Oui, mais nous nous y retrouvons. Nous nous sommes organisés parce que nous sommes une profession qui travaille des matériaux à forte valeur ajouté. Nous essayons donc de ne pas gaspiller. Sinon, la propreté sur un chantier, c’est comme la sécurité, si c’est bien anticipé, ça ne coûte pas plus cher. Et si on a formé son personnel, si on lui a donné les moyens de travailler en générant un minimum de déchets et en étant capable de collecter au fur et à mesure les déchets produits dans les phases de fabrication pour les entreprises qui ont des ateliers, où dans les phases de pose pour la plupart des corps d’état, c’est une chose qui se fait naturellement et qui ne va pas grever le coût. Cela va contribuer à l’image du secteur, à la propreté des espaces et à l’hygiène, et donc à la sécurité et à la qualité de l’ouvrage.

Est-ce que la réglementation va trop vite selon vous ? On vient de passer de 5 à 7 flux, on vient de repousser la REP 2020 d’un an…

Je pense qu’il faut qu’on aille bon train pour la planète. Après tout cela se fait juste dans un contexte où nos marges sont très érodées dans le Bâtiment, où nous avons du mal à vendre, du mal à acheter, du mal à trouver du personnel… donc on passe beaucoup d’énergie sur d’autres sujets alors que la production de déchets doit être une priorité.

Vous êtes le président de « Construire Pro », quelle a été votre action sur la gestion des déchets ?
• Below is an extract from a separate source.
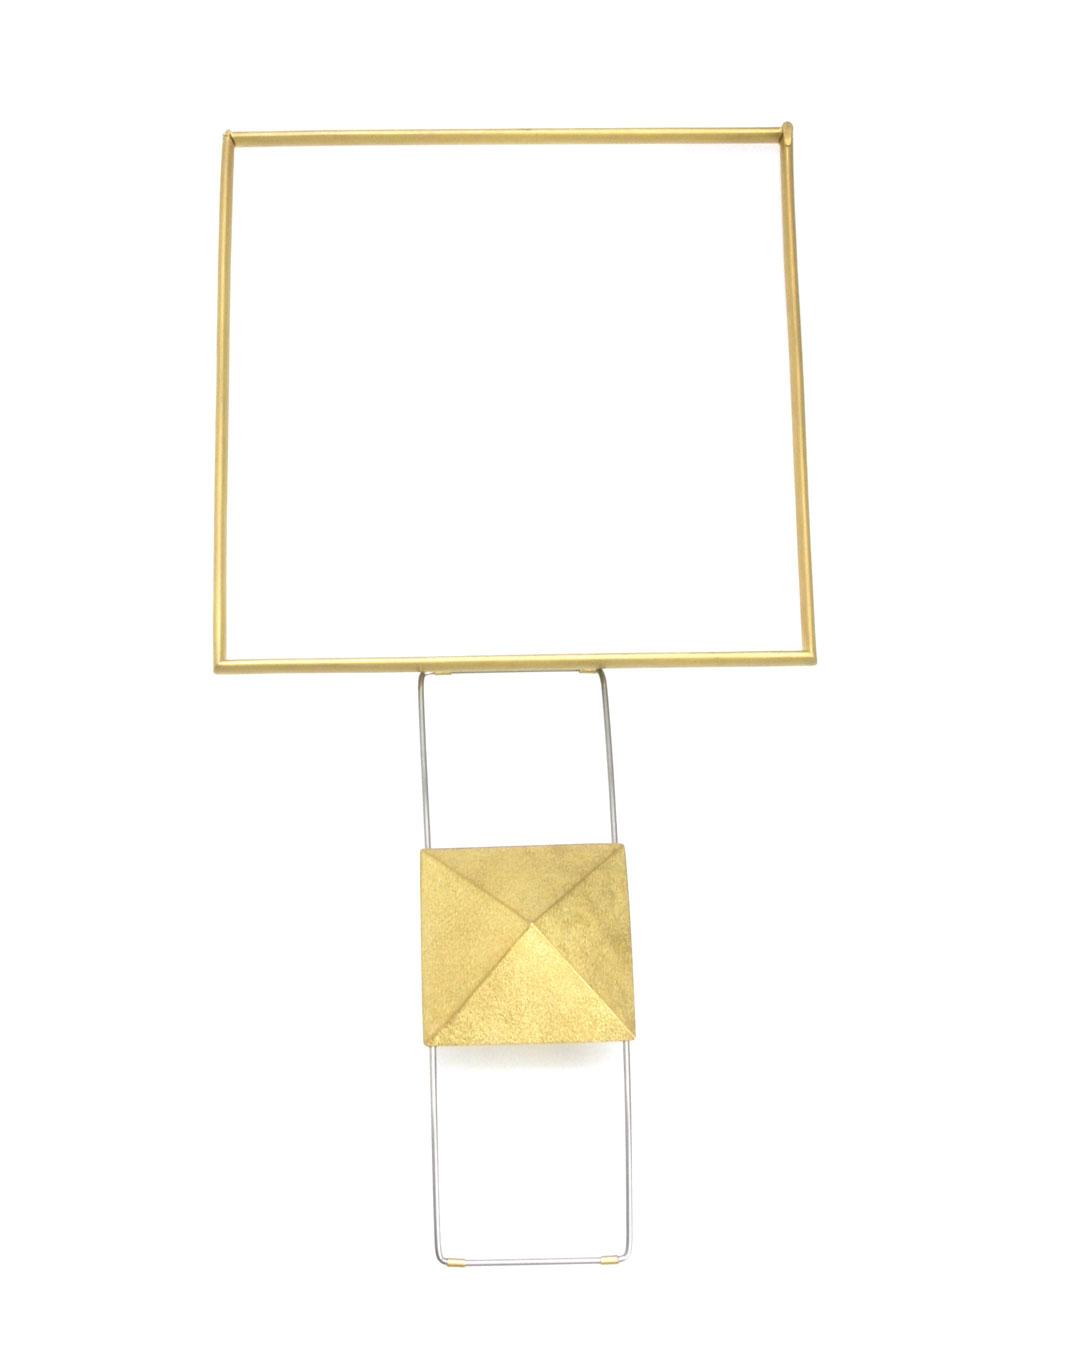 Okinari Kurokawa, untitled, 2007, necklace; 20ct gold, stainless steel, 139 x 139 x 38 mm, €9700

Construire pro est le bras armé de BTP Rhône pour l’expérimention et le développement d’un certain nombre de bonnes pratiques dans le Bâtiment. Il y a une quinzaine d’années, on a constaté le piteux état de nos chantiers en matière de propreté et de gestion des déchets, on a donc mis au point un dispositif – « Construire Propre » – qui permet une meilleure tenue des chantiers. Il repose à la fois sur l’engagement du maitre d’ouvrage, l’intervention du maitre d’exécution, et la responsabilité des entreprises parties prenantes sur le chantier autour de la tenue de leur outil de travail, la minimisation des déchets à la source, et leur évacuation. C’est le sens de l’histoire. Il s’agit de donner la meilleure image possible de nos chantiers au grand public, aux jeunes qui vont rejoindre notre métier, et c’est aussi répondre aussi aux problématiques de sécurité, et de qualité.

« Construire Pro » vient de tester la pertinence de l’animateur de chantier. De quoi s’agit-il ?

L’animateur effectue au quotidien sur son chantier une synthèse des trois actions essentielles proposées par « Construire Pro » : la tenue du chantier et la gestion des déchets ; la gestion des flux de chantier, approvisionnements, livraisons et autres ; et « cartepro » notre outil destiné à lutter contre le travail clandestin. Avant, nous proposions aux maîtres d’ouvrage chacune de ces prestations avec obligation de moyens et des résultats significatifs, mais il manquait la garantie du résultat. Nous avons donc imaginé ce nouveau métier dont la mission est de contrôler que tout se passe bien sur le chantier. On va y ajouter la sécurité, l’hygiène et l’environnement.